Quand je lui parlais de la sorte, elle tombait dans un froid silence. Si nous restions seuls, je finissais par rompre la glace à force de gaieté, de caresses et des plus douces câlineries que me suggéraient ma jeunesse et mon amour. Mais si un de ses doctes amis survenait pendant nos discussions métaphysiques, elle le prenait à témoin de l'infériorité de mon âme et du devoir qu'elle s'imposait de me convertir. Alors j'allumais mon cigare et je sortais pour échapper à ce fastidieux colloque.
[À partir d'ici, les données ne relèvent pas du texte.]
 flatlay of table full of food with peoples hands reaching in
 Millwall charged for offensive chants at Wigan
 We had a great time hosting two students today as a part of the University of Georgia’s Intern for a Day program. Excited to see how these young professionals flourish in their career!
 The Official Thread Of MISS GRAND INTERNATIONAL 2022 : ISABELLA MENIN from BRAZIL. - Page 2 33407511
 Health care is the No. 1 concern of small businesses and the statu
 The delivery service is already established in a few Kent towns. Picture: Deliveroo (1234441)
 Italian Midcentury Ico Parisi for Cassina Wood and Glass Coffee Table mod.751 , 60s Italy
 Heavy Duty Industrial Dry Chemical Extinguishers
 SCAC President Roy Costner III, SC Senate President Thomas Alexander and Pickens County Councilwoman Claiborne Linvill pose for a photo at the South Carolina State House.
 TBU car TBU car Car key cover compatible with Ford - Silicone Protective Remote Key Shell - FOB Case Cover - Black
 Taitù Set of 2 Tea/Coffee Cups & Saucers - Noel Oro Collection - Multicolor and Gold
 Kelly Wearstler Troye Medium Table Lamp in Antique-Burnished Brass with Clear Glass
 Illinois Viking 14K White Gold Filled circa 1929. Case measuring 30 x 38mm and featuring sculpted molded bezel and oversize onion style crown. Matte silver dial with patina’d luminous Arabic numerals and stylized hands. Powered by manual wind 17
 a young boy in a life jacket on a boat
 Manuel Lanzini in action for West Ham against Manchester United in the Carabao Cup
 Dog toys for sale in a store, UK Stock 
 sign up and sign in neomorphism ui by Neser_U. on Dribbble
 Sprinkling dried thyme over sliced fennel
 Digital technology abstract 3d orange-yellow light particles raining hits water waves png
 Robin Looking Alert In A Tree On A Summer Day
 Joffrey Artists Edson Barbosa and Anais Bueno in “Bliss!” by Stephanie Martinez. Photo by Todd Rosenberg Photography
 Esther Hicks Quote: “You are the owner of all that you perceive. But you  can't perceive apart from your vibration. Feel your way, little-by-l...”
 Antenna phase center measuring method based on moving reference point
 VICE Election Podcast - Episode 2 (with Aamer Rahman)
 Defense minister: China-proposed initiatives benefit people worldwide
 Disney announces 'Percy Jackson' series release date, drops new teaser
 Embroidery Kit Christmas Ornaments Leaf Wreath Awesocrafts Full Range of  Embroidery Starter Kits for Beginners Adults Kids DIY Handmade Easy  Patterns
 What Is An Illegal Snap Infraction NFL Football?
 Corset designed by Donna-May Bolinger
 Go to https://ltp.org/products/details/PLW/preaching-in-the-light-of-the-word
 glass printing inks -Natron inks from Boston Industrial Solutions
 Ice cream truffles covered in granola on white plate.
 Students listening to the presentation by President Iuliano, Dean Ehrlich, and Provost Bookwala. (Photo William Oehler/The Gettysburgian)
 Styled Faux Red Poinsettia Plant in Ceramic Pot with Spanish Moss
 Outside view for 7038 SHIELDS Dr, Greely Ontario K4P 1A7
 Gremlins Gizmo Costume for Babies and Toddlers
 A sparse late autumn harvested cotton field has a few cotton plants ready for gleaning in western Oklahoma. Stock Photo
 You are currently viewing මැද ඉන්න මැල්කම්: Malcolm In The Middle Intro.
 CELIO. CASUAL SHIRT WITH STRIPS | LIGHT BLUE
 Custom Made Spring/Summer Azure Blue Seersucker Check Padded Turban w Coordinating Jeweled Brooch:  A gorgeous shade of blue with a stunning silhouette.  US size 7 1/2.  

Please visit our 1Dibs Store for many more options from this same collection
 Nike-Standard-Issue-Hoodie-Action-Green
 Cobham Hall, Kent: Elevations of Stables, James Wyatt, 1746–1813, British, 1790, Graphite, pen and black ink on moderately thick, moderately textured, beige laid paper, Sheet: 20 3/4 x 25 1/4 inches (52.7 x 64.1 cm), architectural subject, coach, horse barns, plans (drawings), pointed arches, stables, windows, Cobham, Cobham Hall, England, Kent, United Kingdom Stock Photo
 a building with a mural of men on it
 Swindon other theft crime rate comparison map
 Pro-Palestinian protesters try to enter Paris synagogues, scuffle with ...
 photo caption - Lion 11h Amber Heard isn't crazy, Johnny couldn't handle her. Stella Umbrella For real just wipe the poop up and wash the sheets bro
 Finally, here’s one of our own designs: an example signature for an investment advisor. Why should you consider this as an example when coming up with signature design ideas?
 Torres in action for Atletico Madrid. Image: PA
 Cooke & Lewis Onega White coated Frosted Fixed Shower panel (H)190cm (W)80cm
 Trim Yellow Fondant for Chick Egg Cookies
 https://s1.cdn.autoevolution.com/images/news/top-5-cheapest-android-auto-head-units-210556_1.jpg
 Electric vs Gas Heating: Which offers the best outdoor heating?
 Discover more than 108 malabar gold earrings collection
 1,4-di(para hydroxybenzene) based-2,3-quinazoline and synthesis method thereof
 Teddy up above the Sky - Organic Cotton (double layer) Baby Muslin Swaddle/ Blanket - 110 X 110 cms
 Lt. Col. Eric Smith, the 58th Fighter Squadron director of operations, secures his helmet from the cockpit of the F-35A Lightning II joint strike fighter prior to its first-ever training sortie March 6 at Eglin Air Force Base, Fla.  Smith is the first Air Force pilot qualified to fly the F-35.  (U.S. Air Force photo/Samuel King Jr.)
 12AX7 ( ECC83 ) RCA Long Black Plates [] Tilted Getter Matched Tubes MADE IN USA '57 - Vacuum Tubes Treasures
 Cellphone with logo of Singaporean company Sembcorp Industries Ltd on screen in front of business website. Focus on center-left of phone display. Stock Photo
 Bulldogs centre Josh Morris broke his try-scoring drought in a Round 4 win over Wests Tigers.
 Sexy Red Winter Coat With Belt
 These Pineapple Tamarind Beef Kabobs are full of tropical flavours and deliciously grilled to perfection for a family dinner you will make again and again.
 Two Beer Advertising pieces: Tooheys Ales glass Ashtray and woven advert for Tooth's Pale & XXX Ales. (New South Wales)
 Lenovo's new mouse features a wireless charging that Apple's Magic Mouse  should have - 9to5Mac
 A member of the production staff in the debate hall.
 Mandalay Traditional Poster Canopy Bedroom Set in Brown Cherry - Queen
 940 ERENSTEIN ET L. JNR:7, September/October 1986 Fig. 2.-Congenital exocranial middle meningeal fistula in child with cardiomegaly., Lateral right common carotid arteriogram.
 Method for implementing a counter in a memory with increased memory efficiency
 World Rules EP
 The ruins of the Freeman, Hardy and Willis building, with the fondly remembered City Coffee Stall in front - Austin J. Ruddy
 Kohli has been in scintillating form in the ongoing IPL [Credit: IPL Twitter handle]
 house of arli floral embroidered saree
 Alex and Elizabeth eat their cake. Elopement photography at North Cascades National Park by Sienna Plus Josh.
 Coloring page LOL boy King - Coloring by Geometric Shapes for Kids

Elle m'aimait pourtant à cause de ma jeunesse et des transports qu'elle m'inspirait; mais je ne crois pas lui avoir jamais fait ressentir la suprême ivresse que je lui devais. Elle était curieuse des choses des sens, plus qu'ardente et lascive; ce qui souvent me la faisait trouver impudique dans sa froideur même. L'emportement de ma passion l'effrayait comme une force dont elle n'avait pas le secret, et très-souvent aussi elle me semblait déroutée par mon tempérament de poëte. En ce temps, chère marquise, ce tempérament de mon esprit, que les chagrins et la maladie ont assoupi, était de toutes les heures: il se traduisait diversement, mais il ne m'abandonnait jamais; il éclatait dans la volupté, dans la causerie, dans le travail; j'étais toujours le même homme, c'est-à-dire le poëte, l'être sensitif et incandescent, vibrant et s'enflammant sans cesse.